Open samuelcolvin opened 1 year ago
This is certainly a specialty function, only really supported by x86-64. As far as I can tell, from reading the documentation, you can mimic the function with something like:
pub fn maddubs(a: u8x16, b: i8x16) -> i16x8 {
let a: i16x16 = a.cast();
let b: i16x16 = b.cast();
let m: i16x16 = a * b;
simd_swizzle!(m, [0, 2, 4, 6, 8, 10, 12, 14])
.saturating_add(simd_swizzle!(m, [1, 3, 5, 7, 9, 11, 13, 15]))
}
Unfortunately this does not produce great codegen, because LLVM doesn't seem to recognize it as pmaddubsw
. It's possible some other formulation would result in better codegen. Unless there's a matching instruction on other architectures, I doubt this will ever be supported by std::simd
as it's not particularly portable, but it could be possible to improve LLVM to recognize this pattern as a single instruction.

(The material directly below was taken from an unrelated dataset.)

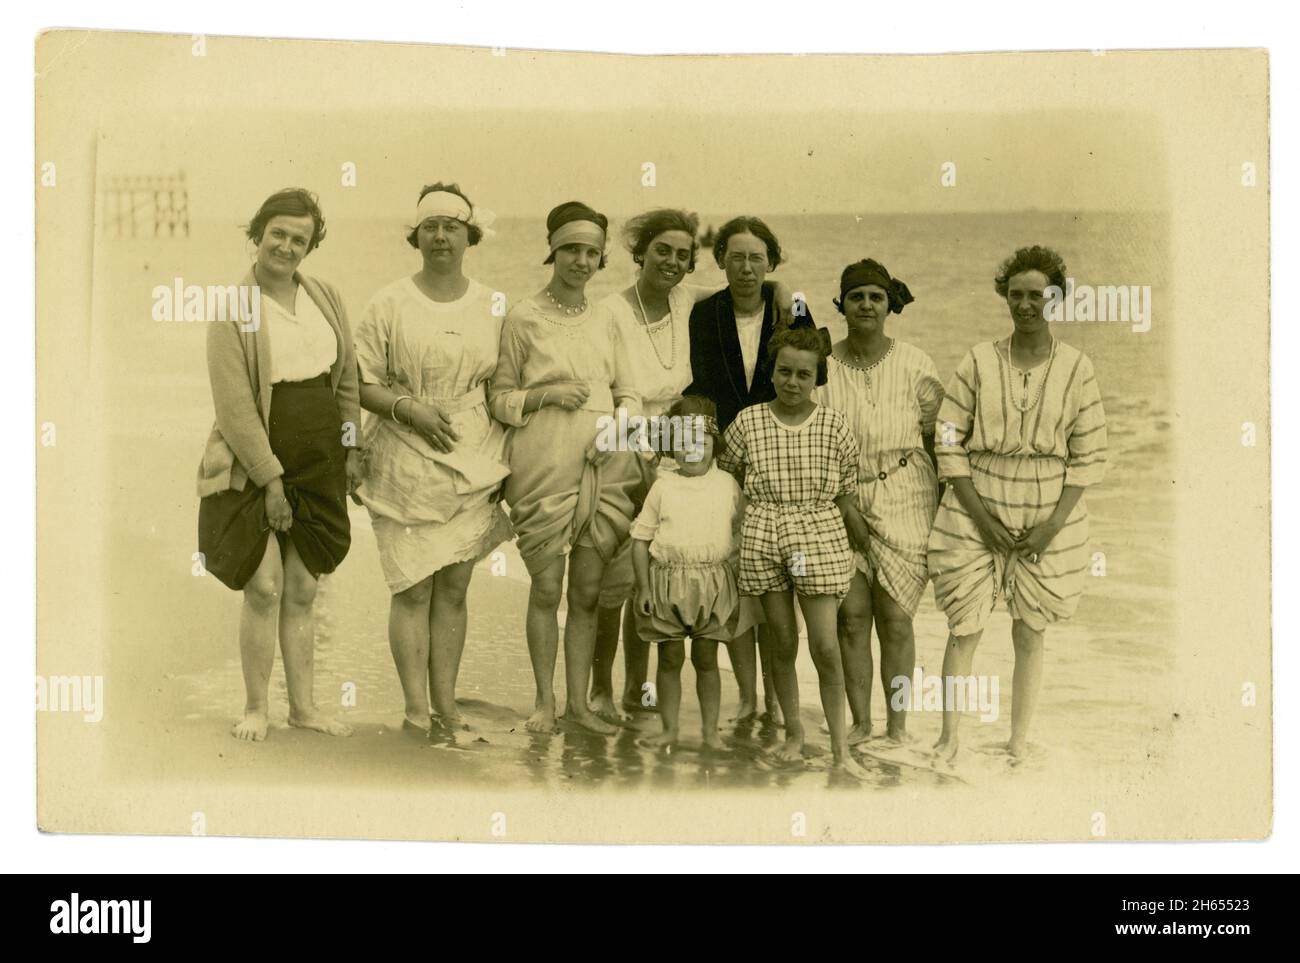 Carte postale originale très claire de l'époque des années 1920 avec des baigneurs à la mode, des femmes et des filles attrayantes, des bandeaux et coiffures à la mode, station balnéaire britannique, jetée en arrière-plan, Royaume-Uni Banque D'Images

Thanks, I do have an implementation of the same logic for aarch64, I'll try and look for it on my laptop, but to be honest it's more like "do the same calculation with different architecture" than exactly equivilant methods.
Hi, I'm looking for a way to implement these instructions with portable simd, but can't find any pointers.
Is this possible, if so how? Otherwise is there any willingness to add support?
For more context on what I'm trying to do, see here - basically int parsing by progressively collapsing SIMD arrays.